■ **PROBLEM REQUIREMENTS**: Would you output the listing exactly, with every image omitted?

Segment Start: STORED DATA

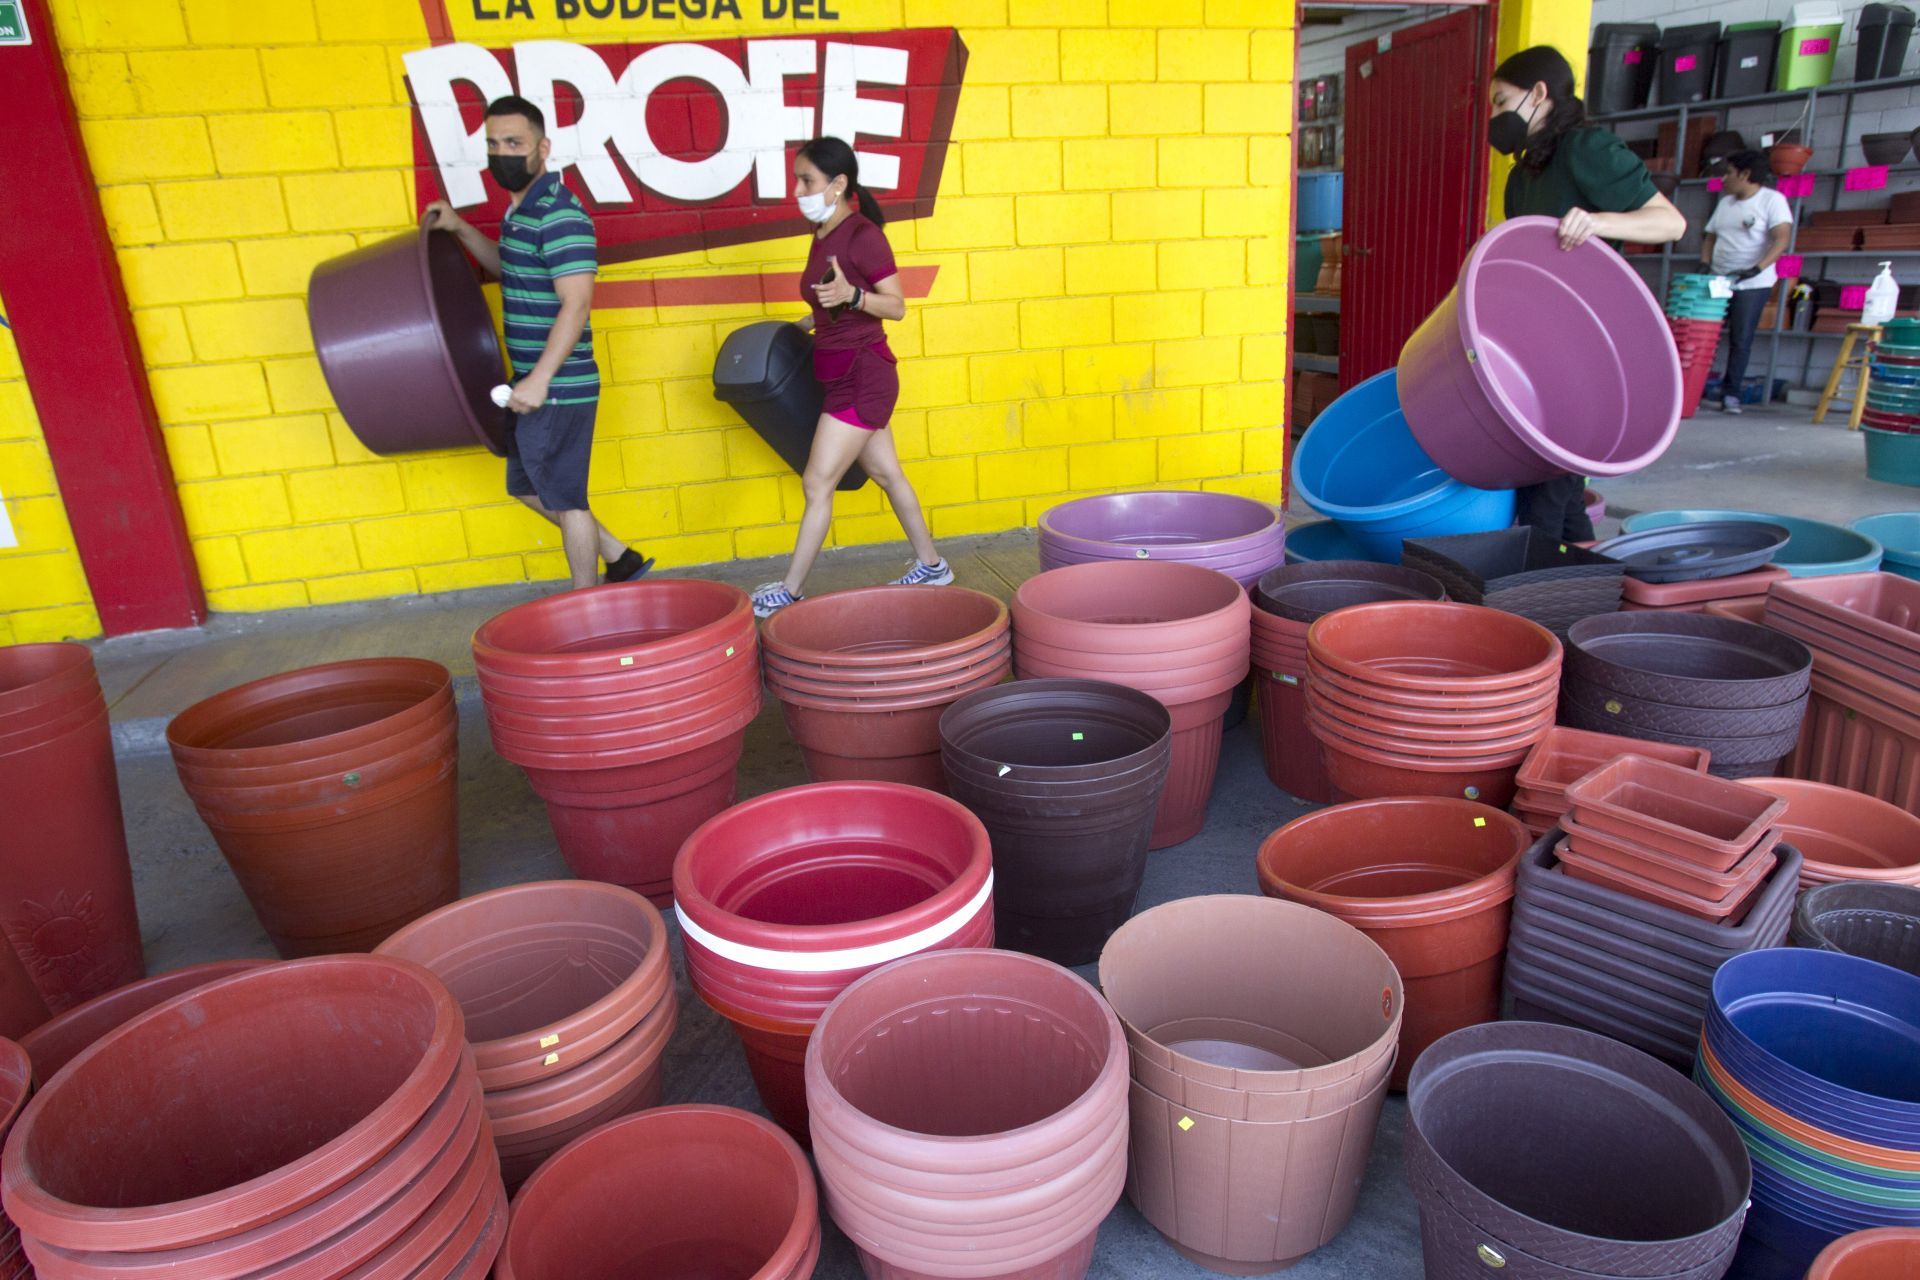 A hoA horas de realizar cortes al suministro de agua en Nuevo León, saturan tiendas para comprar tambos de almacenaje
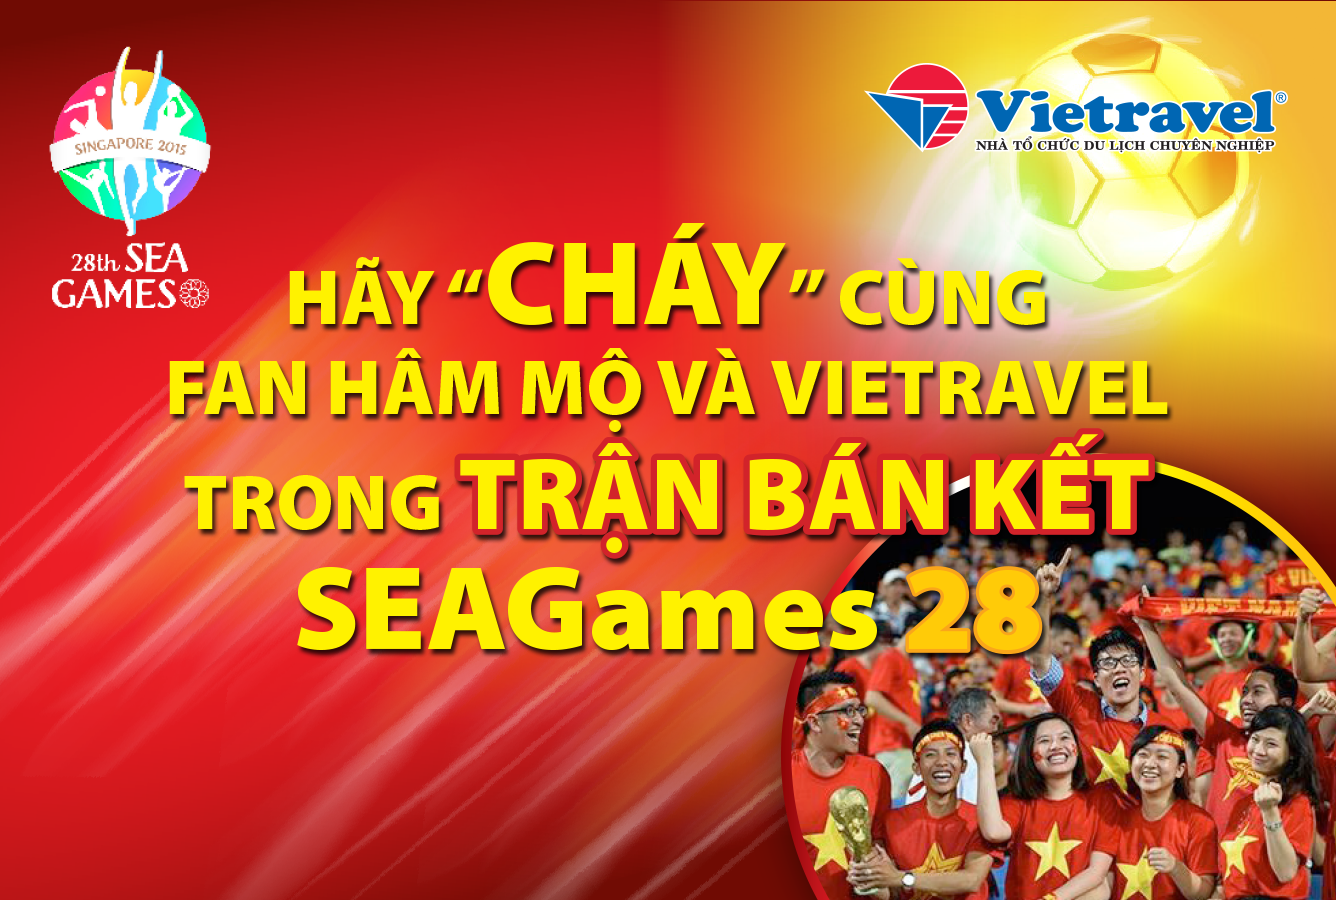 Tiếp lửa tuyển Việt Nam tại Sea Games 28 cùng Vietravel
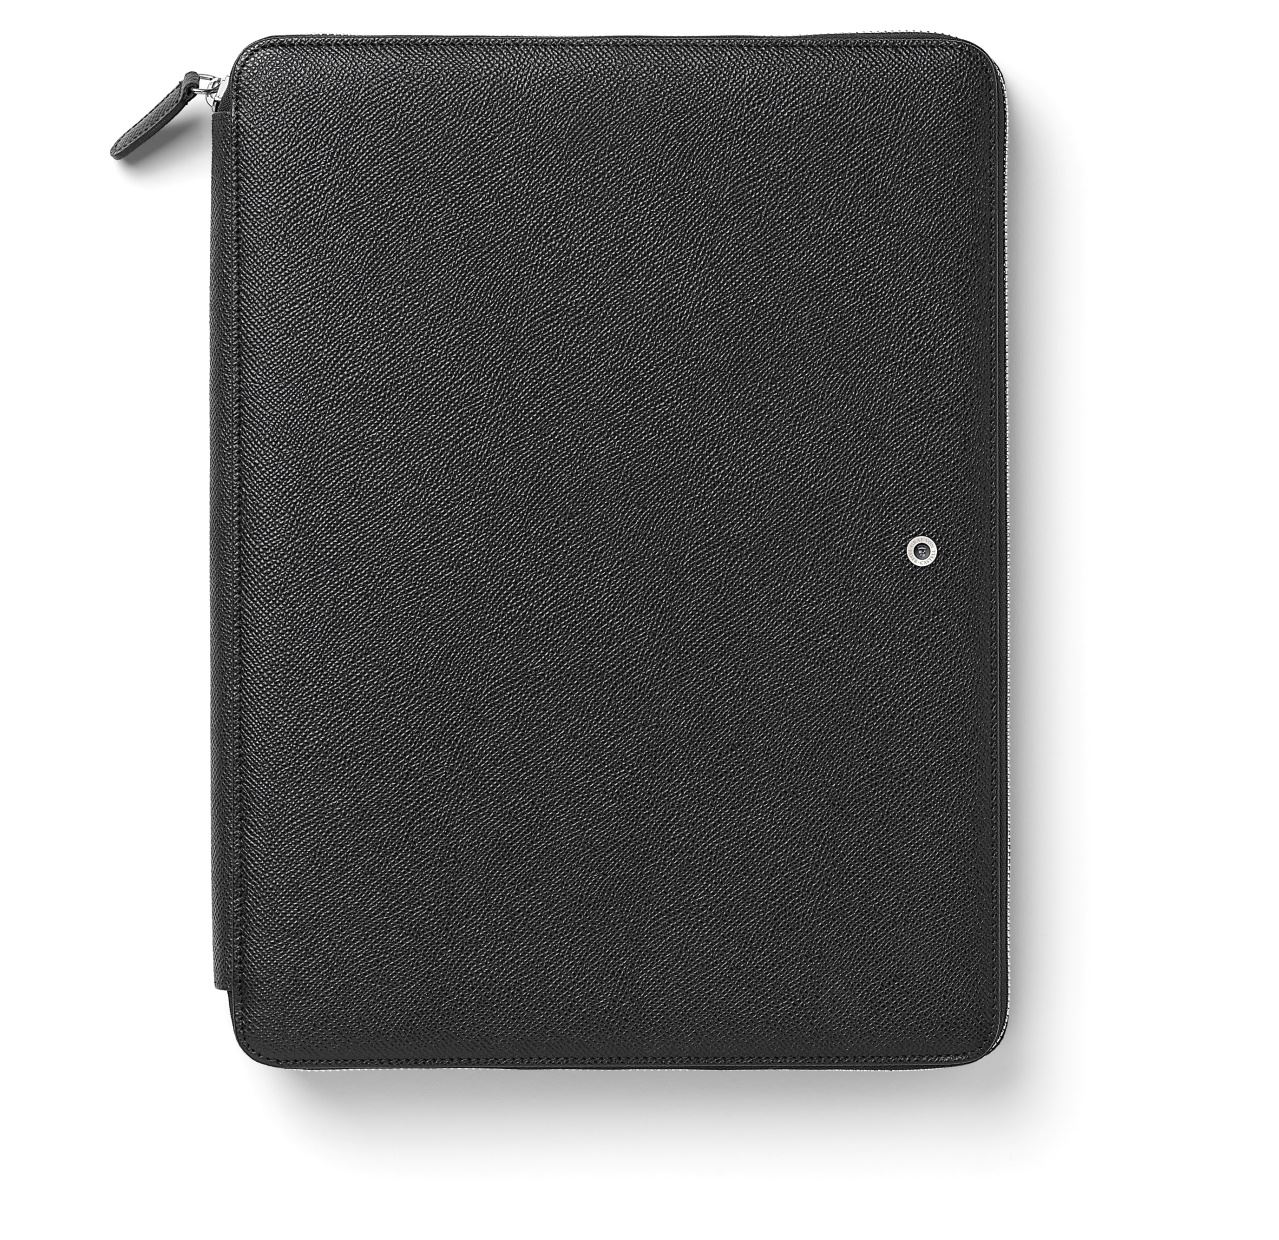 Graf-von-Faber-Castell - Estuche con funda para tableta, tamaño A4 negro

Segment End: STORED DATA

■ **SOLUTION TO THIS PROBLEM**:
 A hoA horas de realizar cortes al suministro de agua en Nuevo León, saturan tiendas para comprar tambos de almacenaje
 Tiếp lửa tuyển Việt Nam tại Sea Games 28 cùng Vietravel
 Graf-von-Faber-Castell - Estuche con funda para tableta, tamaño A4 negro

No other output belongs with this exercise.